Jan Henner Putzier fordert kreisweiten Hitzeaktionsplan für den Landkreis Uelzen
Angesichts der zunehmenden Hitzewellen fordert Landratskandidat Jan Henner Putzier ein koordiniertes Vorgehen des Landkreises Uelzen beim Hitzeschutz. Die Auswirkungen des Klimawandels seien auch in der Region immer deutlicher spürbar und erforderten ein systematisches Handeln.
„Der Deutsche Wetterdienst spricht bereits ab einer gefühlten Temperatur von mehr als 32 Grad von einer starken Wärmebelastung. Solche Temperaturen erleben wir durch den Klimawandel immer häufiger. Deshalb braucht der Landkreis einen Hitzeaktionsplan, der die Menschen wirksam schützt“, erklärt Putzier.

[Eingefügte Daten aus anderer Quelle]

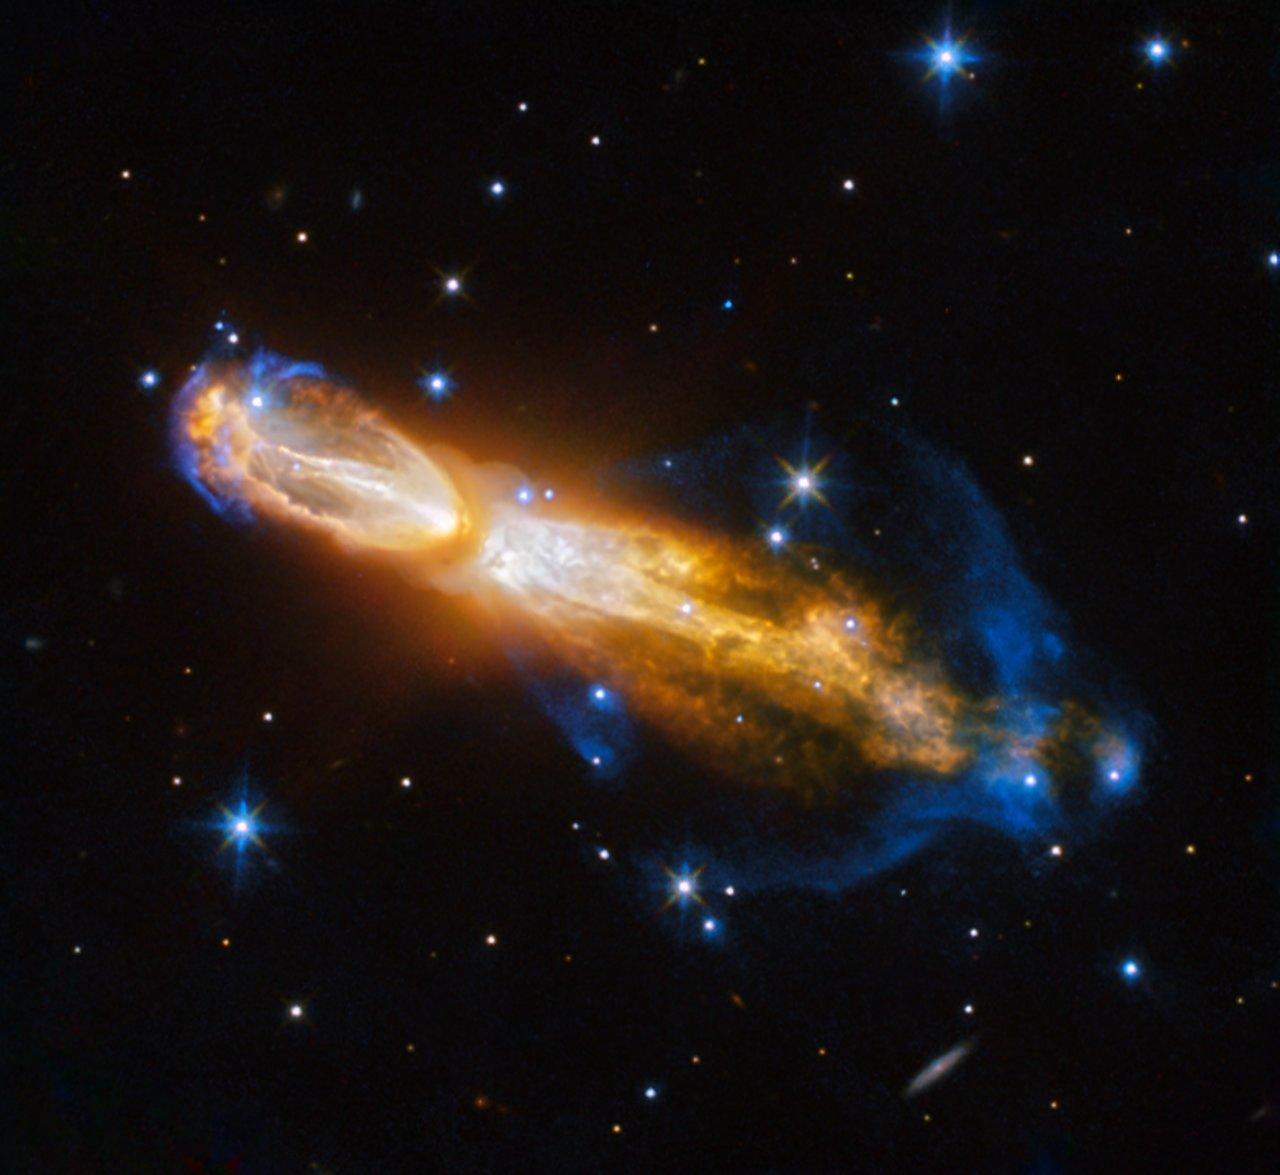 Telescopio Hubble captura la inquietante muerte de la «nebulosa del Huevo Podrido»

Besonders gefährdet seien ältere Menschen, Kinder, Schwangere, Pflegebedürftige sowie Menschen mit Vorerkrankungen oder Behinderungen. Hitzewellen erhöhten das Risiko für Dehydrierung, Hitzschlag und Herz-Kreislauf-Erkrankungen erheblich.
Nach Ansicht Putziers müssen insbesondere Seniorenheime, Krankenhäuser, Kindertagesstätten und Schulen besser auf extreme Temperaturen vorbereitet werden. Viele Schulen zum Beispiel verfügten noch immer nicht über ausreichende Verschattung, gute Lüftungsmöglichkeiten oder kostenlose Trinkwasserspender. Das beeinträchtige nicht nur die Gesundheit, sondern auch die Lernfähigkeit der Schülerinnen und Schüler.
Ein kreisweiter Hitzeaktionsplan sollte deshalb konkrete Maßnahmen zum Schutz besonders gefährdeter Menschen bündeln und gemeinsam mit den Städten und Gemeinden umgesetzt werden. Dazu gehören unter anderem bessere Informations- und Warnsysteme, mehr Verschattung und Begrünung öffentlicher Bereiche, die Pflanzung klimaresistenter Bäume sowie die Entsiegelung von Flächen, um die Folgen zunehmender Hitze langfristig abzumildern.
„Hitzeschutz ist Gesundheits- und Bevölkerungsschutz. Der Landkreis muss dieses Thema jetzt geordnet angehen und gemeinsam mit den Kommunen ein tragfähiges Konzept entwickeln“, so Jan Henner Putzier.